### [TO DO]
Please write out only the lines from the line with "Men's Ultra Groove Sneakers - Black/Red" to the line with "HNN108 Notes - Understanding", inclusive, exactly as they stand below, without the pictures.

### [ENTRIES SHOWN]
=====

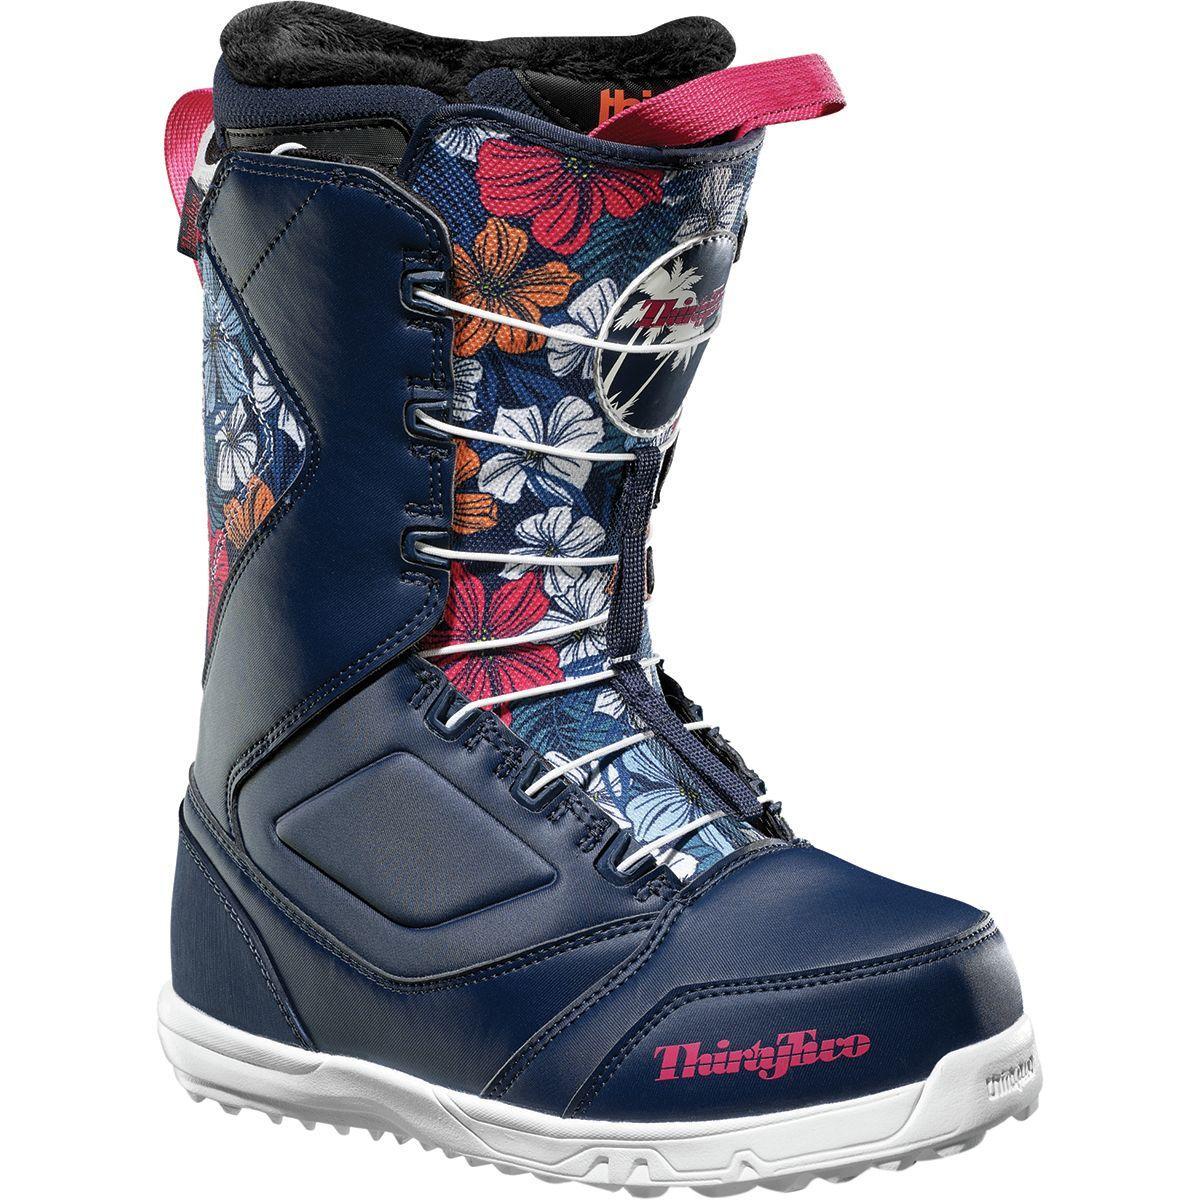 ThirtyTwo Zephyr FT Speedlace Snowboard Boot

=====

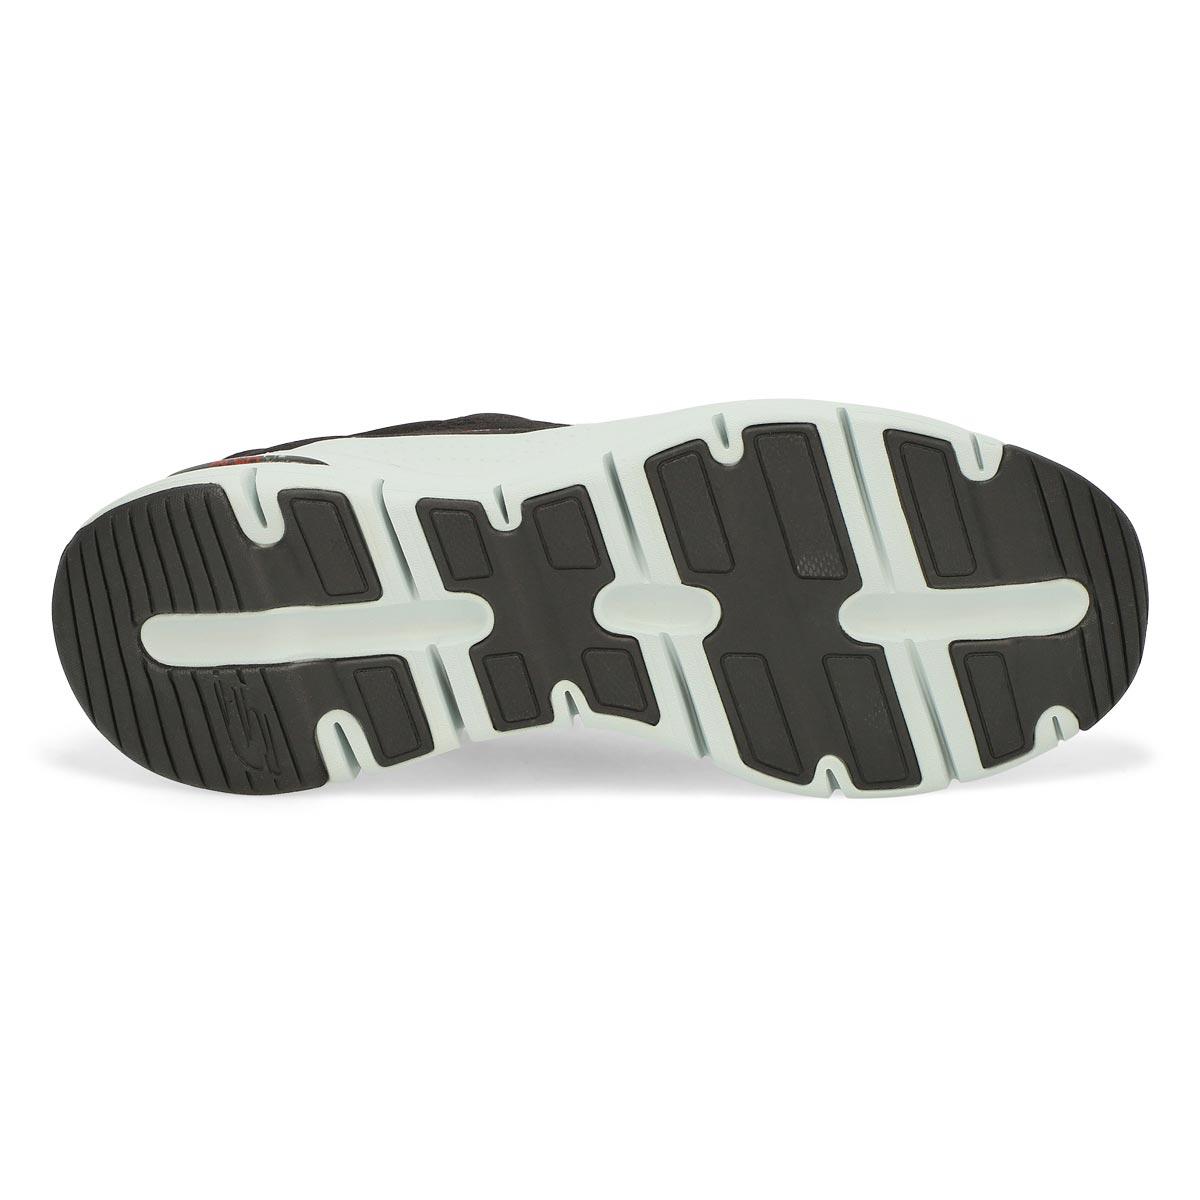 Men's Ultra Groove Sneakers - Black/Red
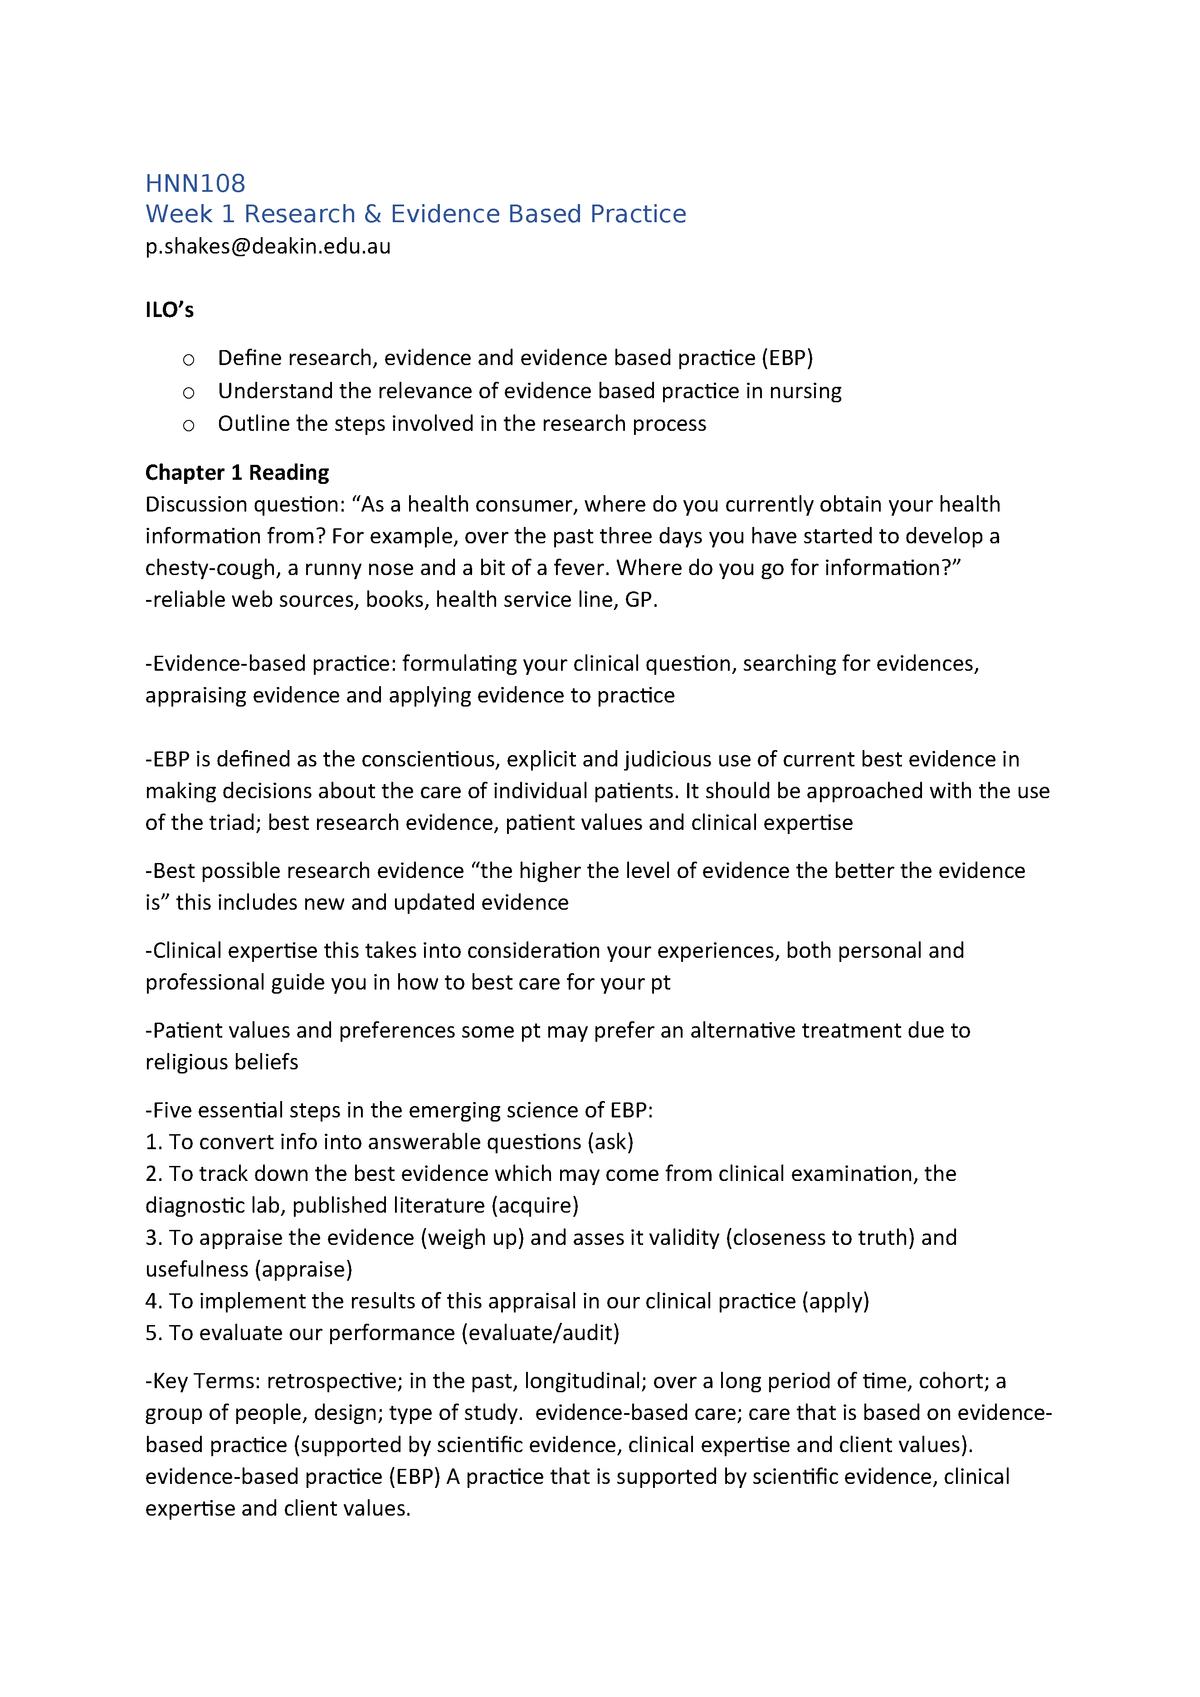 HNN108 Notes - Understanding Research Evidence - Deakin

=====

### [RESPONSE BELOW]
 Men's Ultra Groove Sneakers - Black/Red
 HNN108 Notes - Understanding Research Evidence - Deakin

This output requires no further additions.